Clearly, it was a regional government created here, and it was at least as authoritarian as Soviet power. As Engels notes;
“A revolution is certainly the most authoritarian thing there is; it is the act whereby one part of the population imposes its will upon the other part by means of rifles, bayonets and cannon — authoritarian means, if such there be at all; and if the victorious party does not want to have fought in vain, it must maintain this rule by means of the terror which its arms inspire in the reactionists.” (F.Engels, Anti-Dühring)
The same ideological dissonance was evident in the organisation of Makhno’s Army. This “anti-authoritarian” army had adopted the principle that commanders come by election, criticizing the Red Army, where commanders were appointed from the hill. However, in reality, Makhno determined all the commanders and submitted them for the approval of the Union. Makhno has the final say in possible disputes, moreover, he also held the power of veto if a name he disapproved of was “elected”.
Makhno himself, as the “father” (Batko) of the army, had a special bodyguard unit called the ‘Black Union’. The cavalry in Makhno’s army formed a kind of “noble” group, superior to the other troops. It was common practice for commanders to hit the soldiers in the face to discipline them, or to shoot a disobedient soldier instantly. The orders of the commanders (“when they are not drunk”) [Yanowitz] had to be strictly obeyed. In the Black Army, where even the commanders’ orders were put to a vote at the beginning of the war, executions began to be carried out on Makhno’s orders in order to ensure discipline at the later stages.
His military-political organisation and military achievements, which made Makhno particularly successful and allowed him to occupy a certain place in history, were clearly achieved in defiance of anarchist theory. In fact, on the level of principle, there is not the slightest difference between communists and anarchists in terms of being against the regular army, compulsory military service, and military hierarchy. But in a civil war environment, these principles can never be applied, or their implementation will do nothing but serve the victory of the counter-revolutionary armies.

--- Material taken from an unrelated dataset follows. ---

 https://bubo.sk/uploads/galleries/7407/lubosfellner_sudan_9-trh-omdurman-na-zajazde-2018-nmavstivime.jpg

However, Makhno, who copied all his administrative, political and military organisation from Soviet power (which was a very bad copy, on the level of a caricature), banned Soviet institutions on the grounds that they were “authoritarian”. Unlike the Bolsheviks, Makhno did not have the goal of a more advanced society that transcended and transformed the existing economic social order. The Makhnovist organisation, like the Bolshevik Party bound to its theoretical perspective, lacked the competence to respond to changing conditions with new tactics. Thus, although its military capabilities and maneuverability might extend his life, Makhno’s defeat in the face of the Red Army and Soviet power was inevitable.

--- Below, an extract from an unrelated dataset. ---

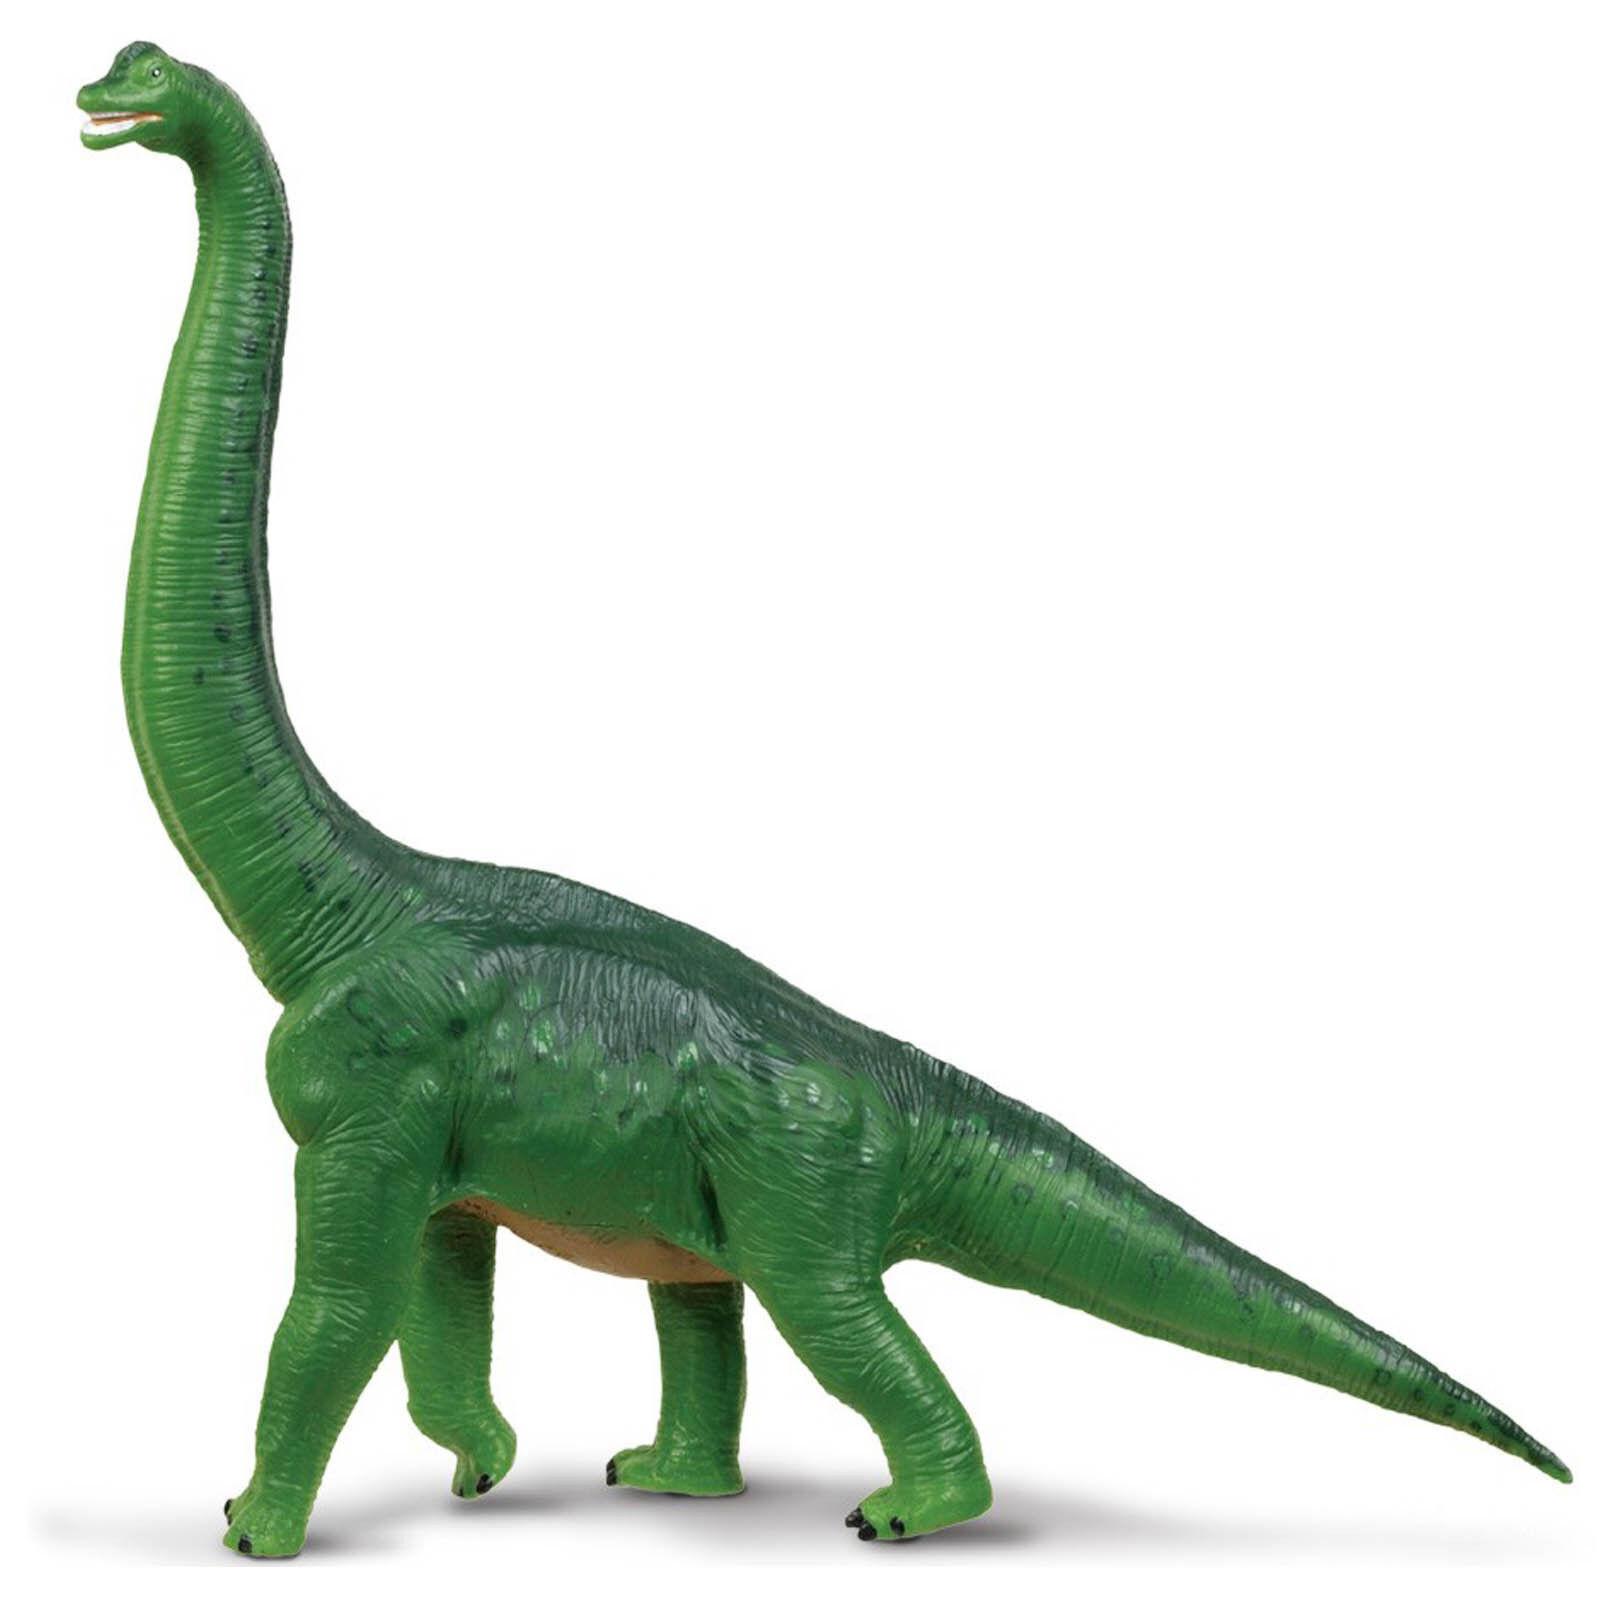 брахиозавр картинка на белом фоне разворачивается

We bore witness, in flesh and blood, to an “anarchist state”, with its army, its public order groups, its intelligence services, its laws and prohibitions, its executions, its land laws, etc. Once again, social practice demonstrated the invalidity of the anarchist theory, which predicted that “the state, the source of all ills” would be destroyed “and swept away” in the immediate aftermath of the social revolution. The experience of Makhno himself confirmed the necessity of a new state for the suppression of counter-revolution and the establishment of a new order. However, the Makhnovists established not the revolutionary dictatorship of the proletariat, but the authority of the peasant classes, including the kulaks. This authority was rising above the united village, and the hegemonic element that united that village was the kulaks. Makhno’s “state” was confined to the narrow horizons of the peasant classes and did not foresee an economic-social order that superseded the existing order. The fact that he played a progressive, revolutionary role was entirely conditional: he was progressive when he defended the peasants’ territorial revolution against the White Army, but reactionary against the Red Army, which represented the Soviet power of all Russia and the revolutionary power of the proletariat.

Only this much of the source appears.